**Task requirements**
For this exercise, repeat the whole listing below exactly. Leave the pictures out.

**Data block**
== Segment start ==

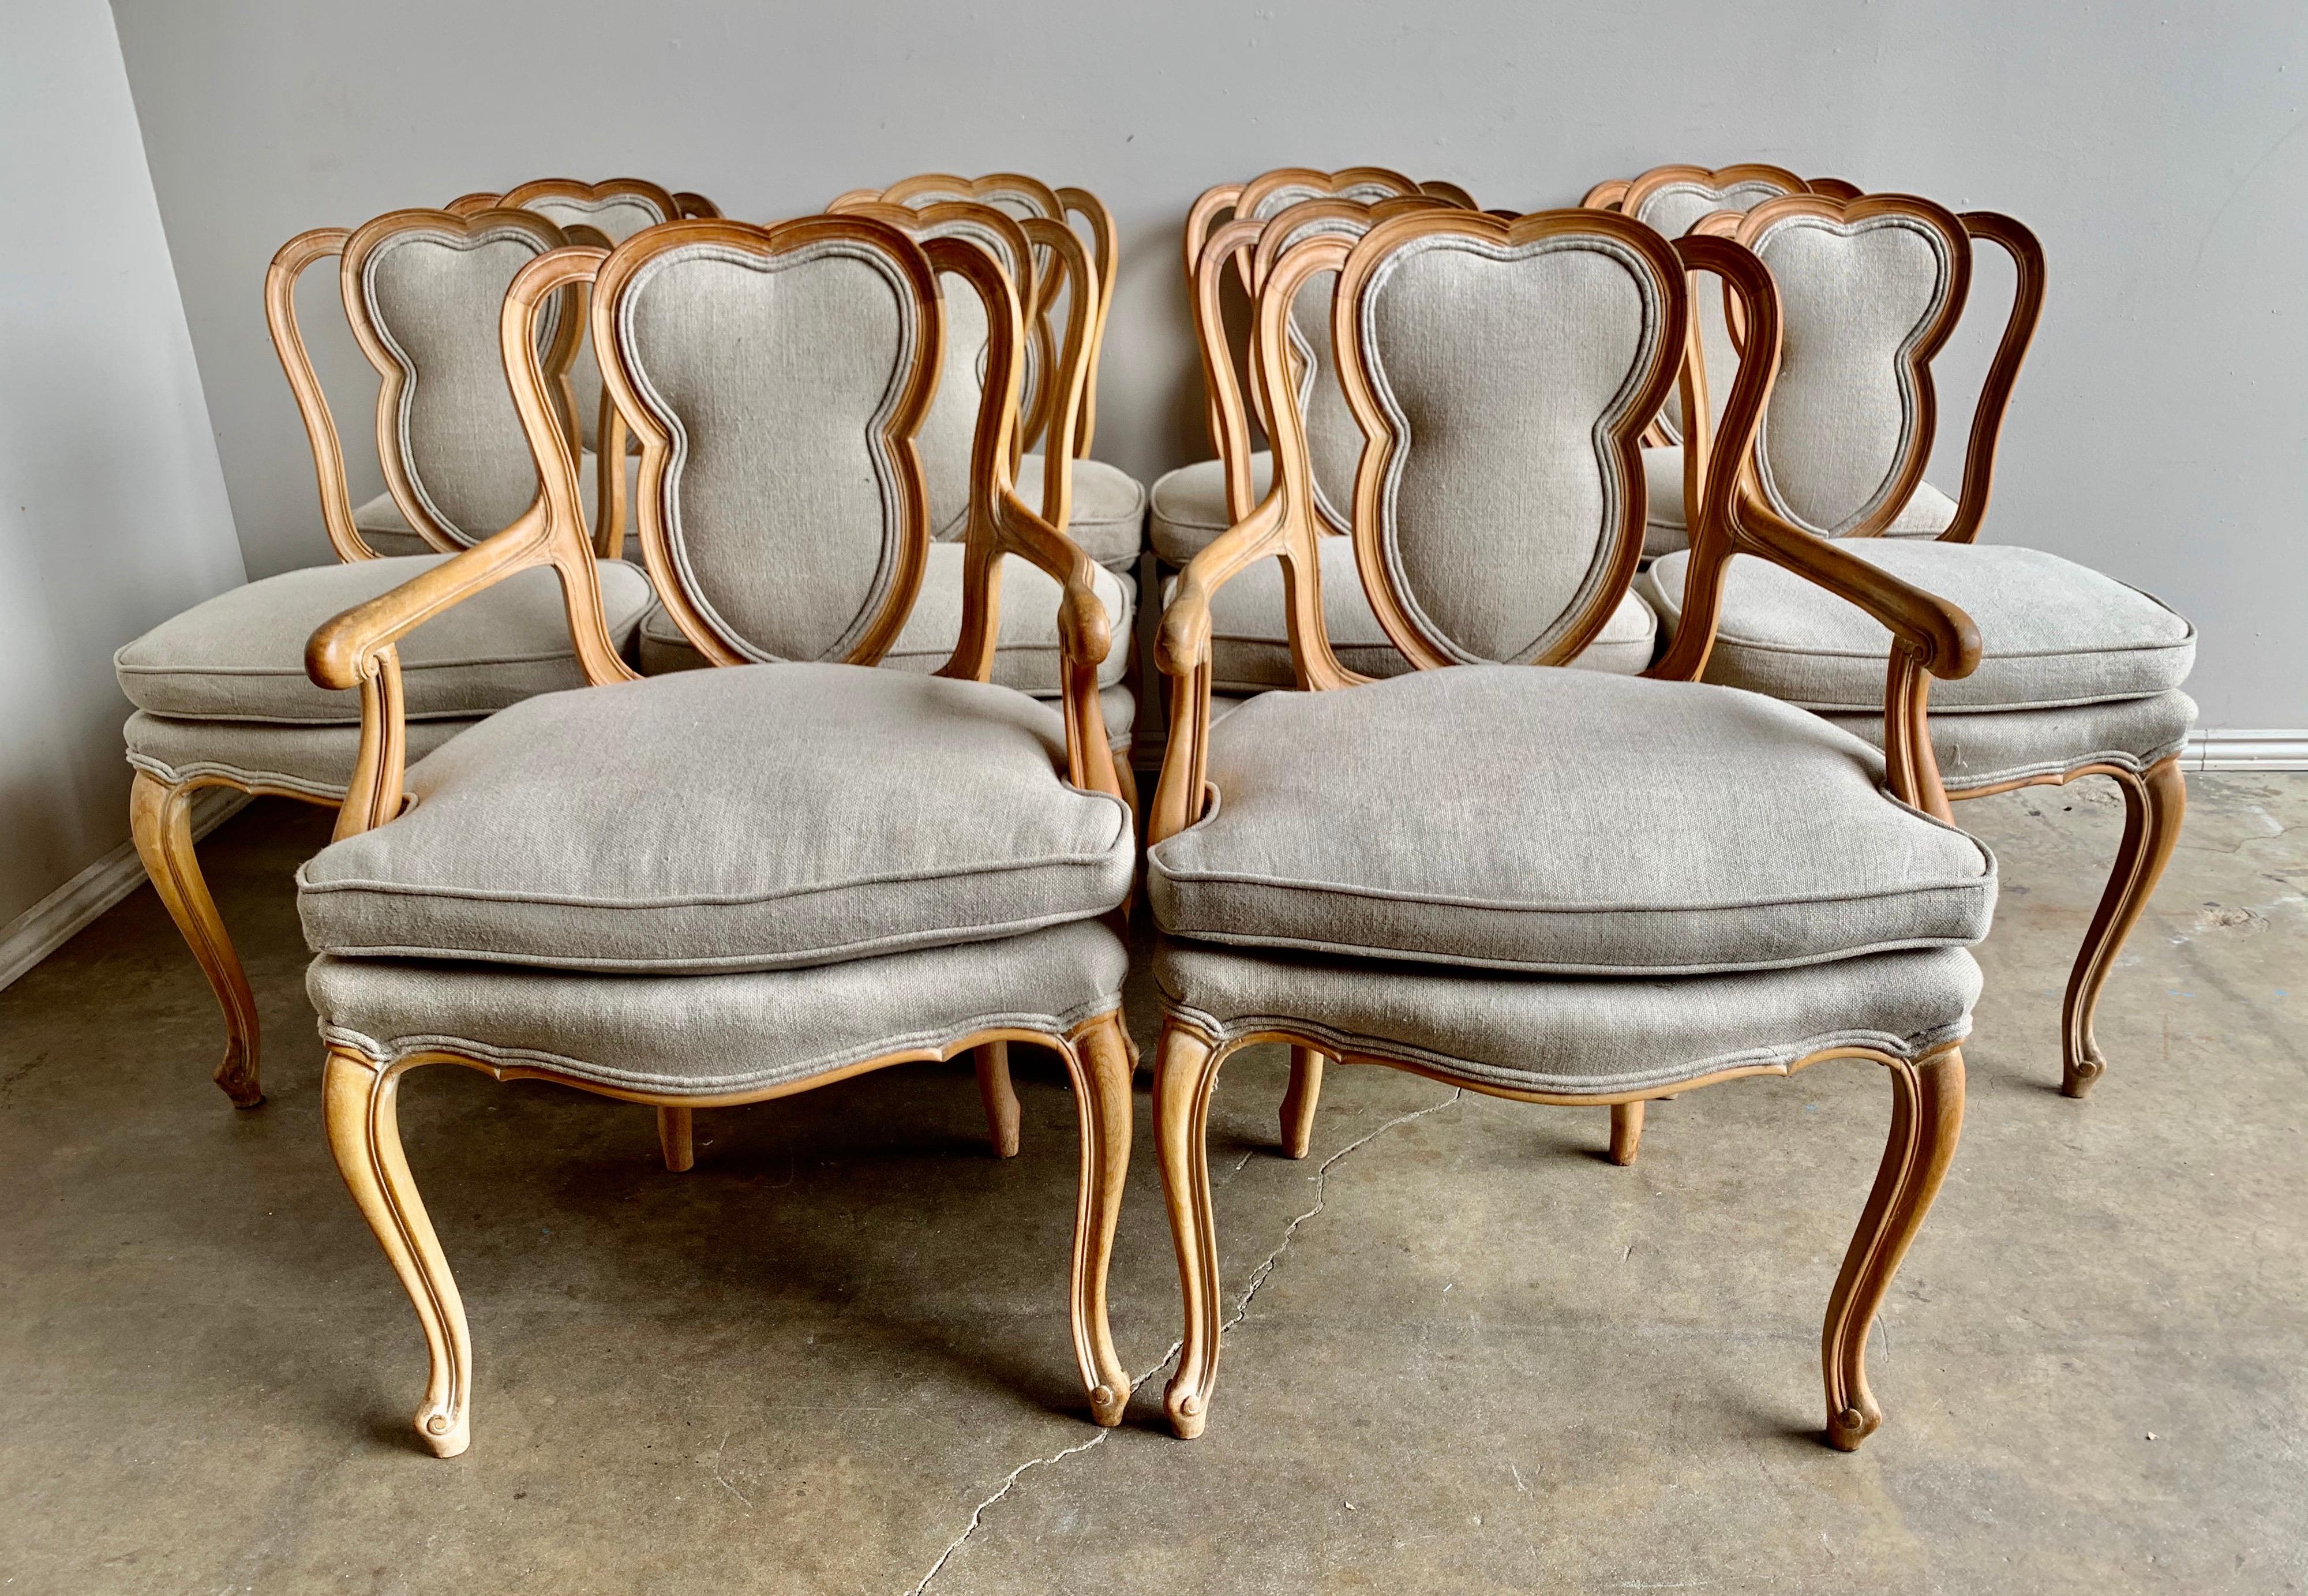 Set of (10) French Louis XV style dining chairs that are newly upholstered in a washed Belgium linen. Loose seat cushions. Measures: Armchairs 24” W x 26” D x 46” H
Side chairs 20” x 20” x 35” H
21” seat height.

== Segment end ==

**Task solution**
 Set of (10) French Louis XV style dining chairs that are newly upholstered in a washed Belgium linen. Loose seat cushions. Measures: Armchairs 24” W x 26” D x 46” H
Side chairs 20” x 20” x 35” H
21” seat height.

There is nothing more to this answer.